Thursday, February 16, 2006

Protect your skin from false claims

Kennedy Industries, Inc. v. Aparo, 2005 WL 3752270 (E.D.Pa.)

Plaintiff sells skin protection and skin cream for wrestlers; its product protects skin from chafing and the FDA has determined that its main ingredient is safe as a skin protectant. Defendant Driving Force (Aparo is its president) sells competing products under the brand “99.”
Plaintiff sued defendant and several distributors for false advertising under the Lanham Act.

At various times, Driving Force has claimed, among other things, that 99 kills 99.99% of harmful bacteria on contact; kills 99.9% of disease-causing germs, including the scary VRE and MRSA; provides up to four hours of protection from the above; is more effective than alcohol-based products; exceeds the U.S. FDA protocols required for classification as a Health Care Personnel Hand Wash and as a First-Aid Antiseptic; rapidly sanitizes skin with a broad-spectrum kill that prevents the development of resistant germs; is safe to use in any environment; maintains skin integrity and cleanses more effectively; is fully FDA compliant; has a two year shelf life; and is specifically designed and developed for the wrestling community.

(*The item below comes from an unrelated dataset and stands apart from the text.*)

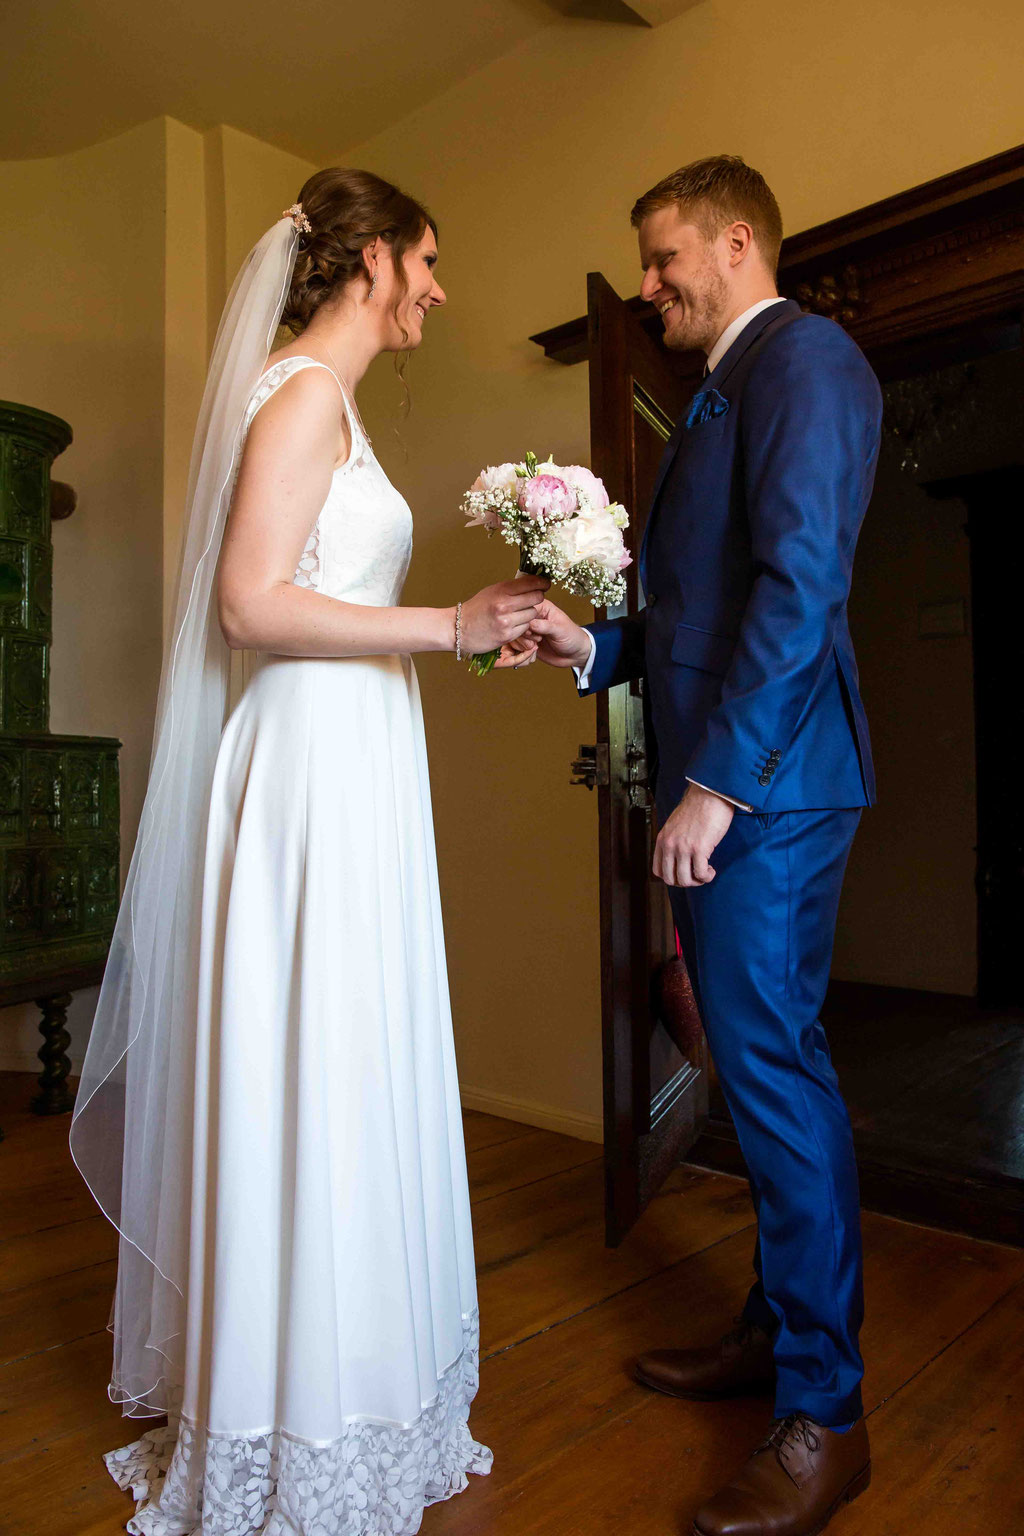 first look, Überraschung an der Hochzeit, Hochzeitsbild, Hochzeitsfotografin fotografiert Trauung

Driving Force attacked plaintiff directly in comparative advertising, stating “Kill or be Killed” and offering a graphic comparison:


99

Kennedy Skin Protectant

Kills Ringworm

YES

NO

Kills Impetigo

YES

NO

Kills Staph

YES

NO

Kills Strep

YES

NO

Kills E-Coli

YES

NO

Kills 99.9% of harmful bacteria

YES

NO

Kills Athlete’s Foot

YES

NO

Kills Planter’s [sic] warts

YES

NO

Hours of Kill Power

YES

NO

Plaintiff’s experts, a dermatologist and an organic chemist, opined that all these claims (and more) were false and without scientific basis. The court credited their testimony. For example, there are many strains of bateria, and only a few had been tested with any product containing 99’s active ingredient, benzethonium chloride. Driving Force doesn’t manufacture 99 and never had it tested to determine its exact chemical composition (and doesn’t even know what other ingredients it has!). Thus, it doesn’t know how the other ingredients interact with the active ingredient. Moreover, the tests on which Driving Force relied were mostly in vitro, not in vivo. In sum, no evidence supports Driving Force’s claims.

In addition, the FDA has not approved benzethonium chloride as a skin protectant, but rather lists it as a substance not shown to be safe and effective as a skin protectant and antifungal.

The court appears to be treating most of the claims as necessarily implied establishment claims, which makes sense, as consumers are likely to believe that tests support medical/percentage claims of this sort, and possibly that the FDA has approved such claims. (The "special formulation for wrestlers" claim is not like the others, but that was shown to be false, too, since it was just a general product relabeled for wrestlers.) Alternatively, the court invoked the doctrine of Novartis Consumer Health v. Johnson & Johnson-Merck Consumer Pharm. Co., 290 F.3d 578 (3d Cir.2002), that completely unsubstantiated claims are literally false.

Driving Force "recognized reality" and said that it would discontinue many of these claims, but the court found that it was still making them in its catalogs and other advertising. It sent out new ad materials to distributors but didn't recall old, falsely labeled product or tell its distributors to stop making the false claims, which many of them continued to do. Plaintiff, which had been driven out of the market by its inability to compete with the miracles promised by 99, convinced the court that it would reenter if guaranteed a "level mat." (The opinion has other wrestling references, but I'll omit them out of kindness.) Thus, a permanent injunction was warranted.

Comment: In recent years, “falsity by lack of any evidence” has joined “falsity by necessary implication” as a way of decreasing the burden on plaintiffs challenging shady ad claims. The reckless claims here – which implicate public health – illustrate why courts are attracted to such doctrines.

As of Feb. 14, 2006, at least one site was still advertising that Driving Force’s 99 Antimicrobial Skin Sanitizer “is the only product specifically formulated for grapplers that actually kills harmful bacteria on contact.” The claims Driving Force makes for its 99 line on its site are now substantially more limited:

- Non-greasy
- No Alcohol Formulation - no sting!
- Non-aerosol can; safe for travel
- Non-Flammable
- Dye and Fragrance Free

A far cry from preventing VRE!

1 comment:

Anonymous said...

Brilliant false advertising of your own. The bottle of 99 you show is the post-injunction label. Not a thing faulse on that label.